Г. Осипов - Общество знания: Переход к инновационному развитию России
Цензура (в том числе «реакционная») — важный фактор мотивации художественного творчества. Русская классическая литература возникла и расцвелa в условиях довольно жесткой цензуры — и во многом благодаря ей. В начале 90-х годов в Испании в среде философов и писателей прошла дискуссия о влиянии франкистской цензуры на литературу. Говорилось, что трудности, создаваемые цензурой писателю, заставляли его создавать новые художественные средства и, попросту говоря, повышали требования к литературному качеству текста.12 Напротив, как было сказано, «отмена цензуры подпиливает зубы слову». Цензура стала необходимым условием для становления научного текста. Научный журнал не существует без жесткой цензуры. Каким должен был быть провал рациональности, чтобы элита интеллигенции требовала ликвидации цензуры! Не изменения каких-то критериев и процедур, а именно ликвидации цензуры как общественного института.

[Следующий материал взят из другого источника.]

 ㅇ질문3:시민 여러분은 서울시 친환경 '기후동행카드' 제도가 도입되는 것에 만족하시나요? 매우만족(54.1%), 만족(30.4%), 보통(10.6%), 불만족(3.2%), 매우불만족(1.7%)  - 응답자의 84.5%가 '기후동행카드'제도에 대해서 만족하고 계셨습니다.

Продуктом гипостазирования была вся предложенная в начале реформ трактовка свободы. Это — ключевая категория, ядро обществоведческой концепции перестройки в СССР, а затем и реформы в России. Она была ложно представлена российскому обществу элитой научного сообщества.

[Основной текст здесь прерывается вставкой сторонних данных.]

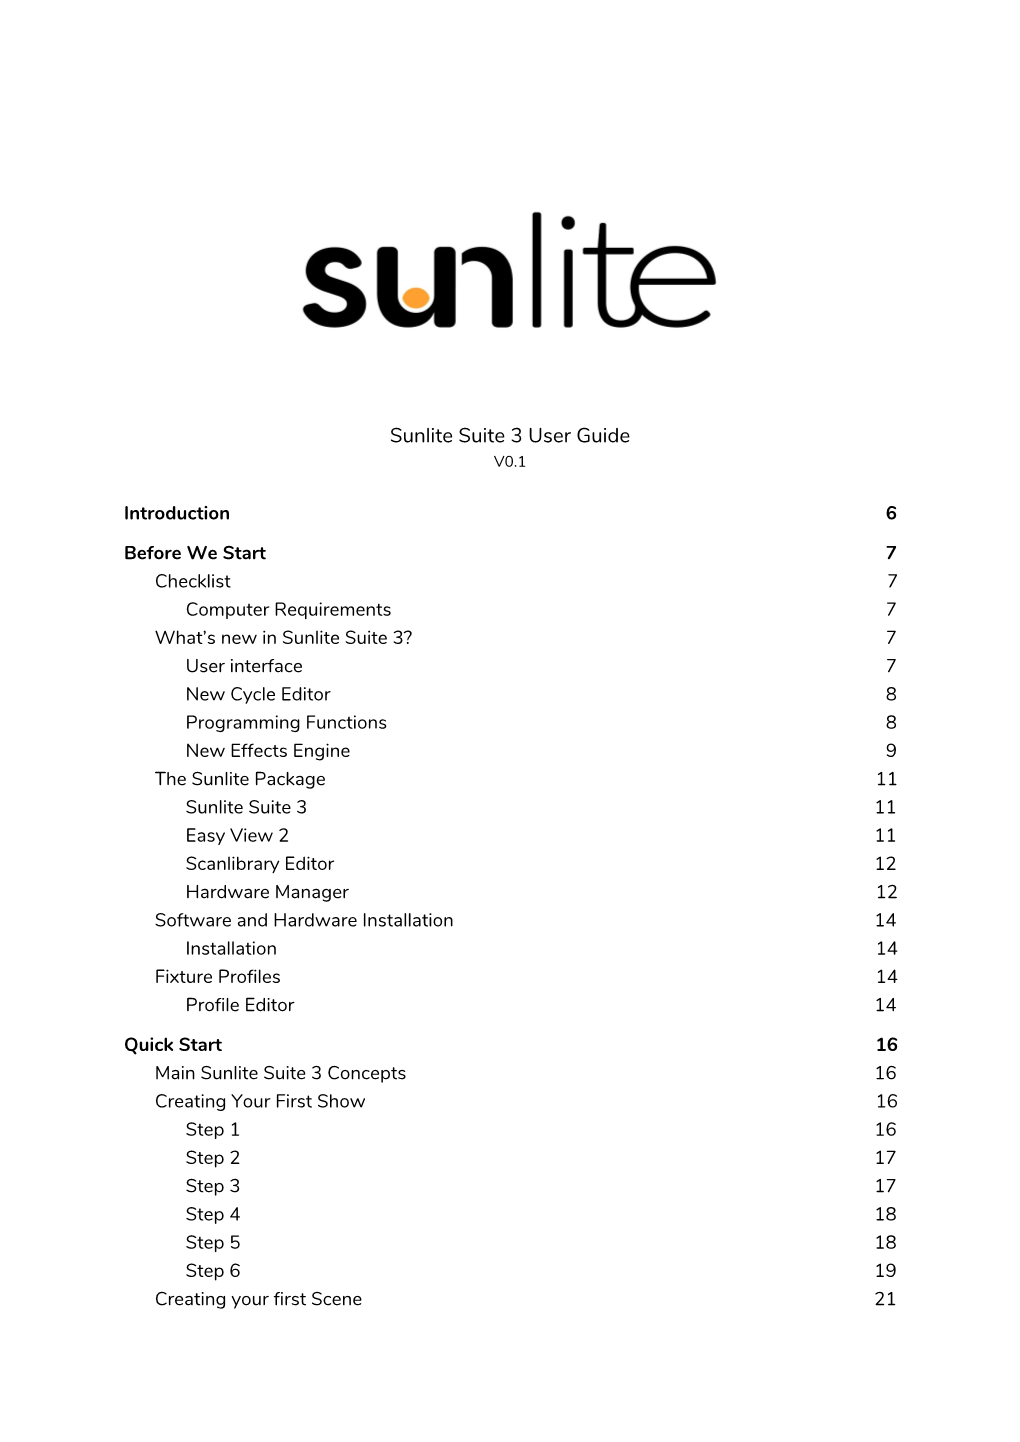 Sunlite Suite 3 User Guide V0.1

В 1990 г. на круглом столе по проблеме свободы, организованном журналом «Вопросы философии», выступил целый ряд видных интеллектуалов с суждениями, нарушающими логику. Доктор юридических наук из Института государства и права АН СССР Л. С. Мамут дает такую трактовку категории свободы: «Свободу уместно рассматривать как такое социальное пространство для жизнедеятельности субъекта, в котором отсутствует внеэкономическое принуждение… Свобода никогда не может перестать быть высшей ценностью для человека. Она неделима. Всякий раз, когда ставится под вопрос та или иная свобода (не о преступниках, естественно, разговор), тем самым ставится под вопрос свобода вообще. Эта истина известна уже давно» [115].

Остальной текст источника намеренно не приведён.